§ Your objective:
Reproduce the listing exactly. Omit pictures.

§ Data block:

BEGIN

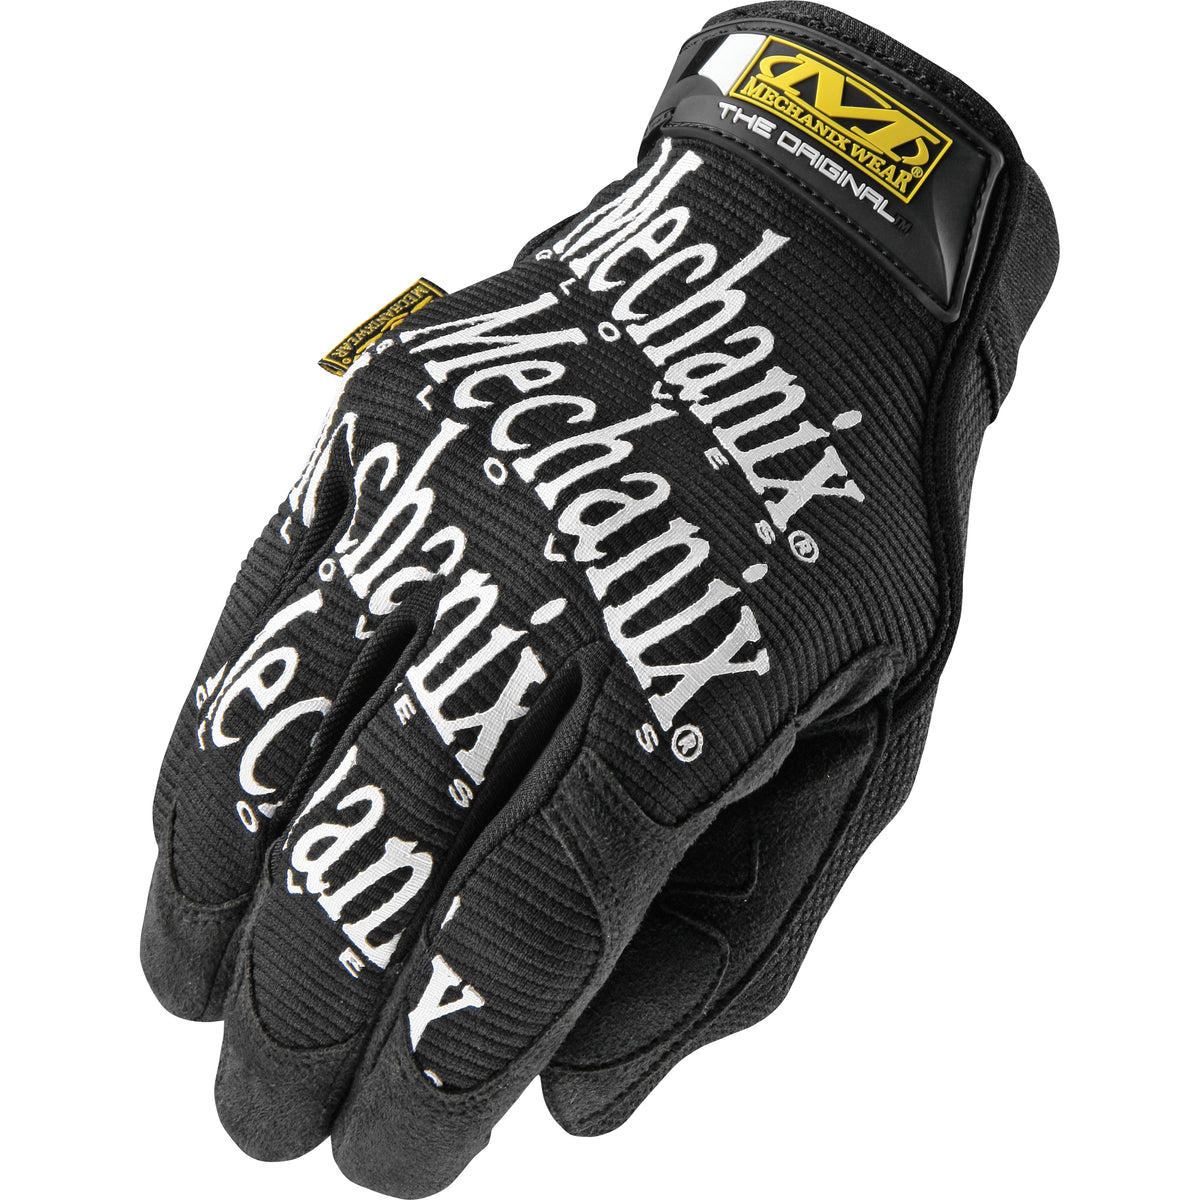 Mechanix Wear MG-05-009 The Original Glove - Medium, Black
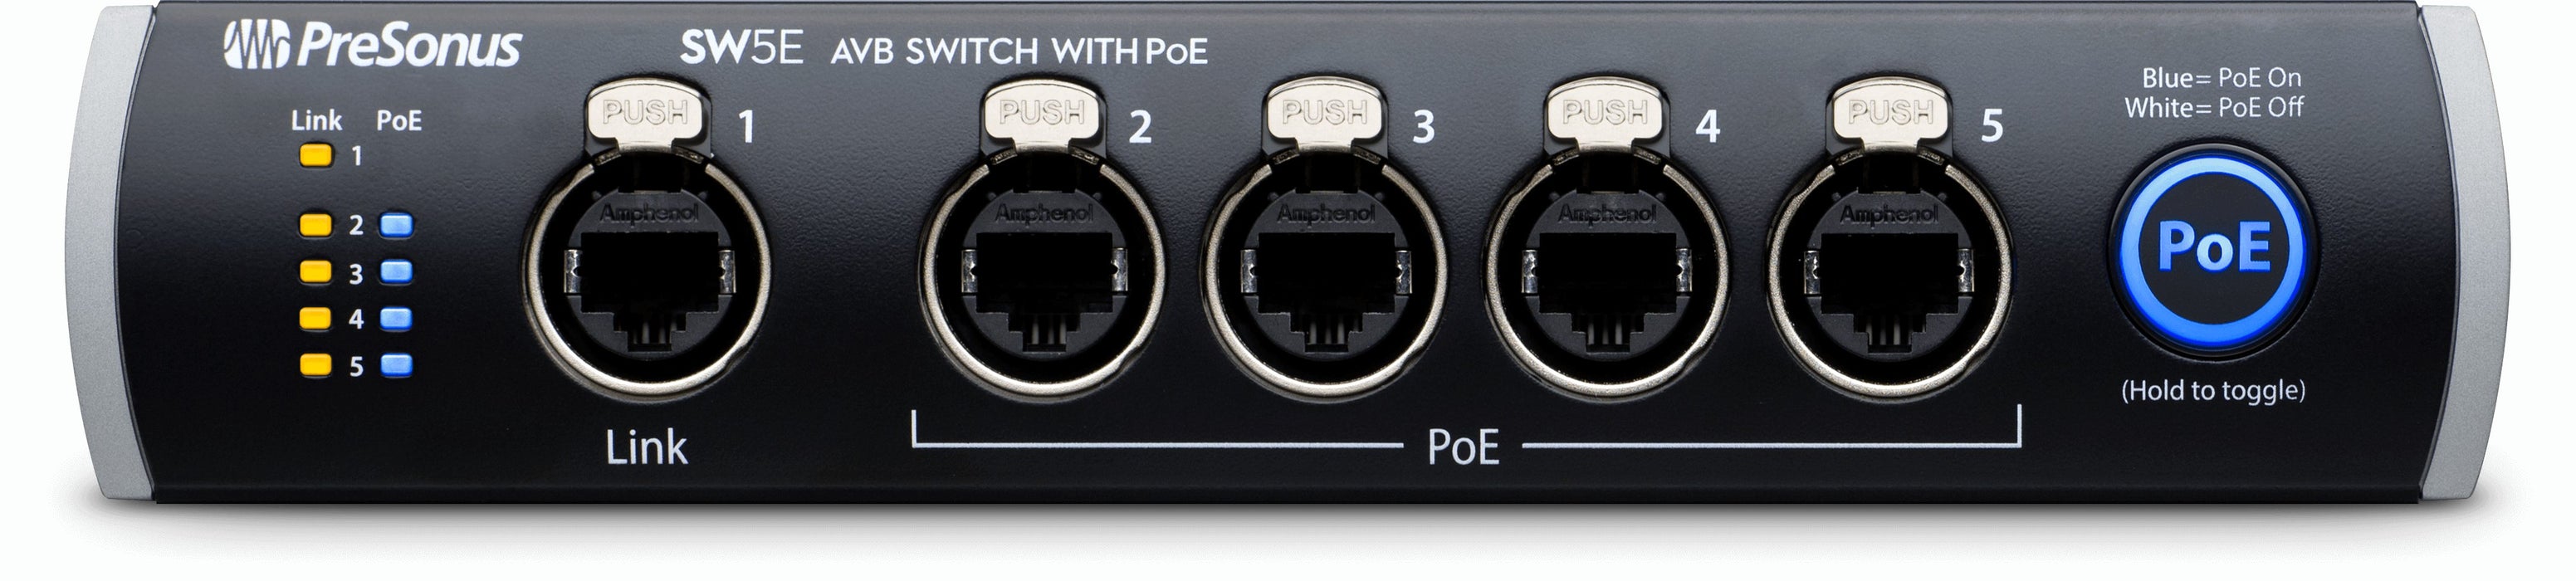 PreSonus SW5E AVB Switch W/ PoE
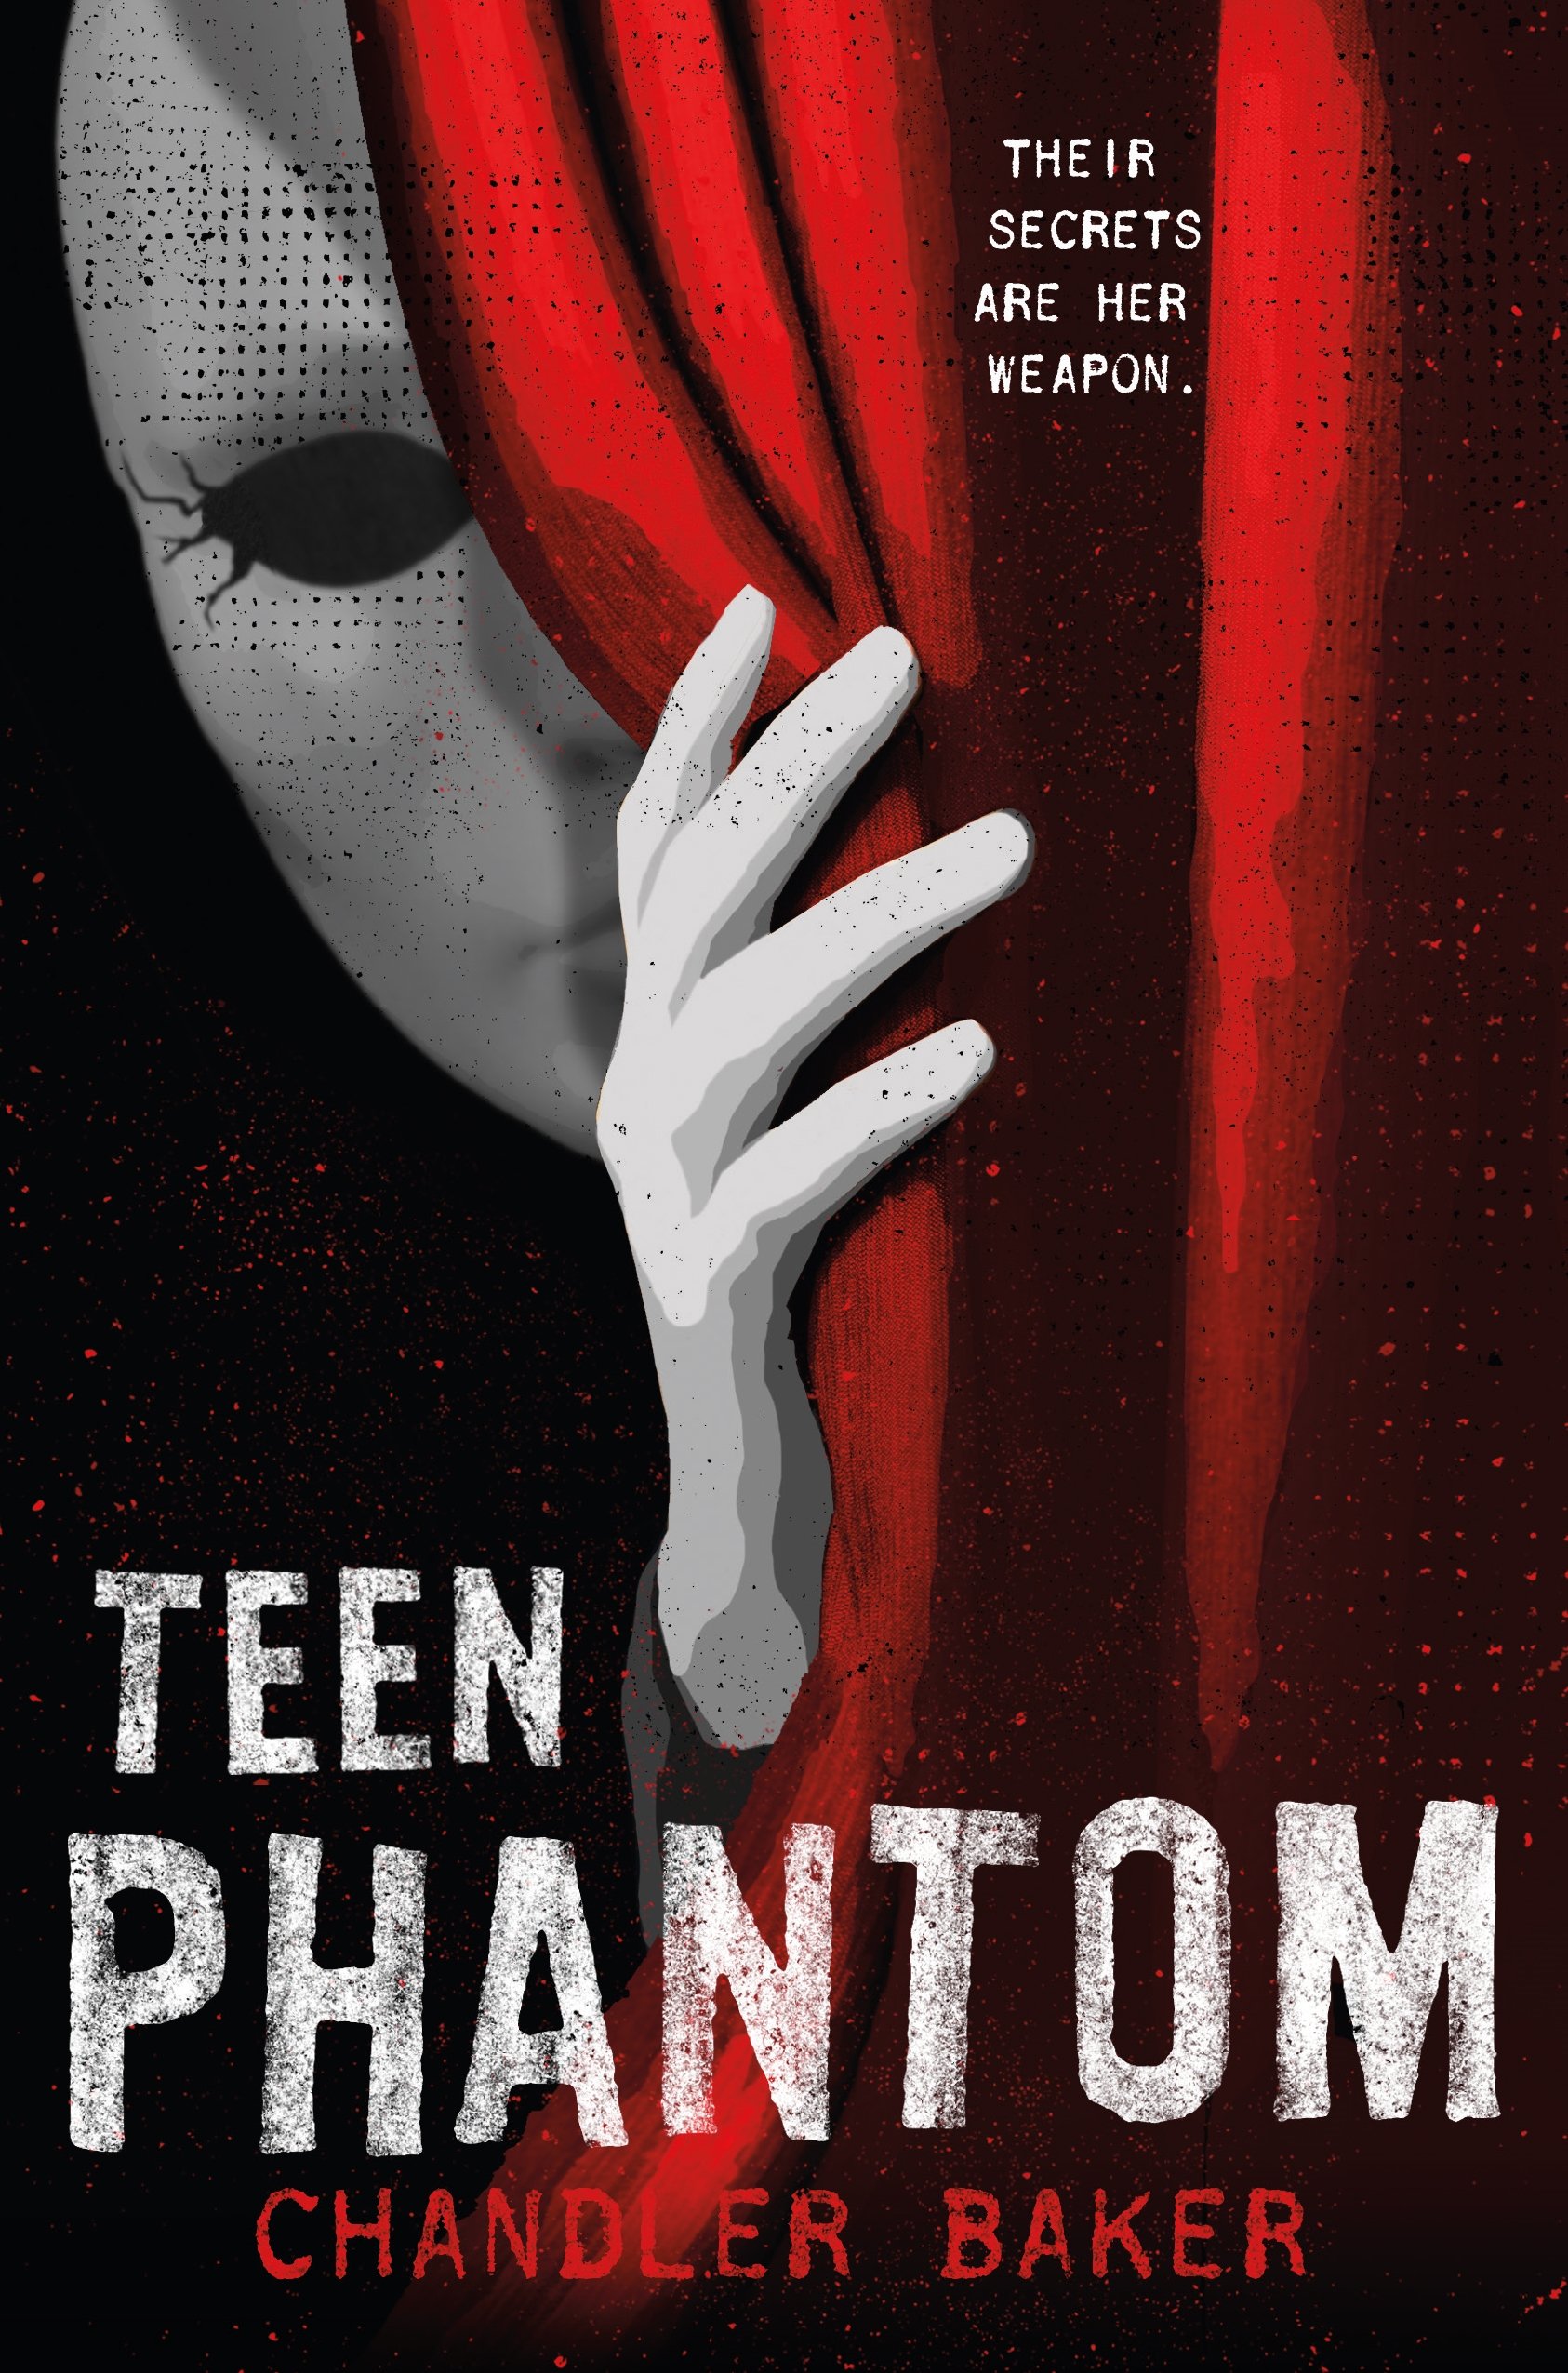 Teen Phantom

END

§ Solution to the problem:
 Mechanix Wear MG-05-009 The Original Glove - Medium, Black
 PreSonus SW5E AVB Switch W/ PoE
 Teen Phantom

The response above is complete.